Two students practicing CPR on a baby dummy | Provided

Students in standard medical PPE snap on the world-renowned blue latex gloves nurse medical dummies in fashionable hospital gowns lying on white hospital beds draped in thin white linens — all part of Oak Park and River Forest High School’s nursing program that allows students to get dual credit at Triton in order to earn credits and hours toward their Certified Nursing Assistant (CNA) license.

The Fundamentals of Nursing class allows students to get 40 hours of clinical experience at Rush Hospital while training in class with real medical equipment. Students are trained in 21 nursing skills, including first aid, the treatment of patients with Alzheimer’s or dementia, CPR, medical charting, feeding patients, disease prevention and more.

Allison Hennings who was an ICU nurse for 12 years before becoming a biology teacher at OPRF, said it’s amazing to see “the nursing world for the very first time through the eyes of the student.”

Brian Dubina teaching students how to make an effective resume | Provided

During the pandemic years of 2020-2021, some students became qualified for their CNA license. Now students will once again be able to qualify for their CNA license and, with the help of Brian Dubina, pre-vocational education coordinator at OPRF, students learn to create exceptional resumes that will connect them directly to the medical field after high school.

The class features students of all races, genders, and ethnicities sharing an interest in the medical field. Kristian Bray, an 18-year-old senior at OPRF, says “It plays into my future; it gives me a chance to have a realistic experience in something I see myself maybe pursuing.”

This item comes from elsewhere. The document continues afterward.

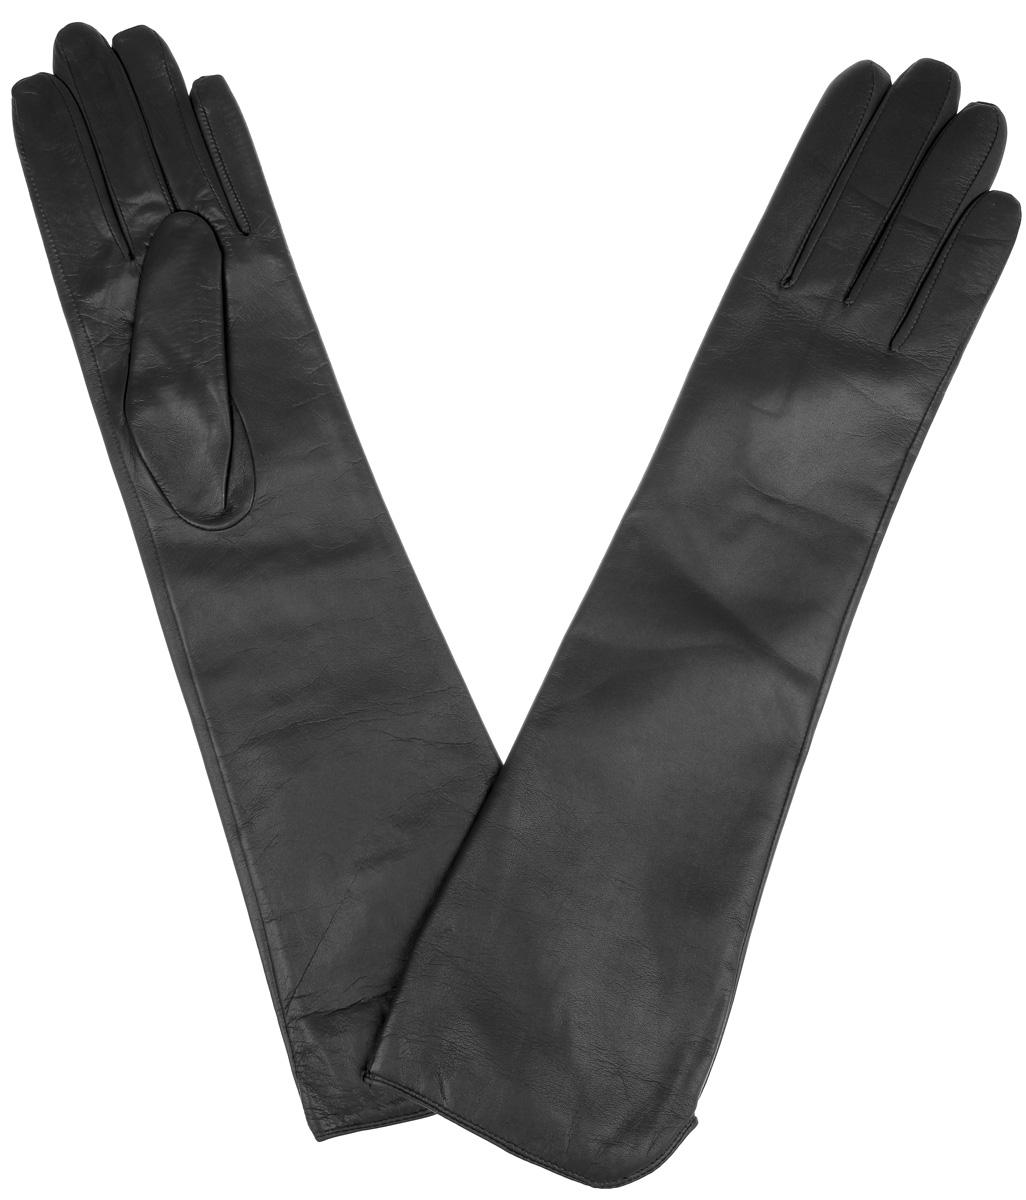 Длинные перчаткиLB-2002Элегантные удлиненные женские перчатки Labbra станут великолепным дополнением вашего образа и защитят ваши руки от холода и ветра во время прогулок. Перчатки выполнены из натуральной кожи и имеют подкладку из шерсти с добавлением акрила, что позволяет им надежно сохранять тепло и обеспечивает высокую гигроскопичность. Удлиненные манжеты подчеркнут изящество ваших рук. Такие перчатки будут оригинальным завершающим штрихом в создании современного модного образа, они подчеркнут ваш изысканный вкус и станут незаменимым и практичным аксессуаром.

The nursing lab is filled with old hospital beds and medical equipment that the students use to practice basic skills like taking blood pressure, handling patients during physical therapy, and changing bed linens. Students go from practicing medical terms and case studies to doing hands-on lessons, such as taking each other’s blood pressure.

Katye Ashton dressed in medical PPE | Provided

Fundamentals of Nursing began in 2017. This year, 52 students are learning the fundamentals. Hennings, who is also the sponsor for Future Medical Leaders of America at OPRF, explains that the world is currently experiencing a severe shortage in CNAs which makes this class all the more important to inspire future first responders.

Sam Brown, a senior at OPRF, called it “an opportunity to move straight forward into hospital work.” Though he doesn’t plan to go into the medical field, he does enjoy this class, especially the hands-on experience they get.

In the first few weeks of class, students are certified in CPR and the Heimlich maneuver before going into the hospital setting. Every three weeks, students visit Rush Hospital for clinicals where they are able to work with real patients. Many said they enjoy the experience of working in a hospital setting.

Jaclyn Thompson, who’s been co-teaching this class for six years at OPRF, and was previously a nurse for eight years, said she “loves watching [students] develop their confidence over their own clinical experience. I’m excited to see where it will go in future.”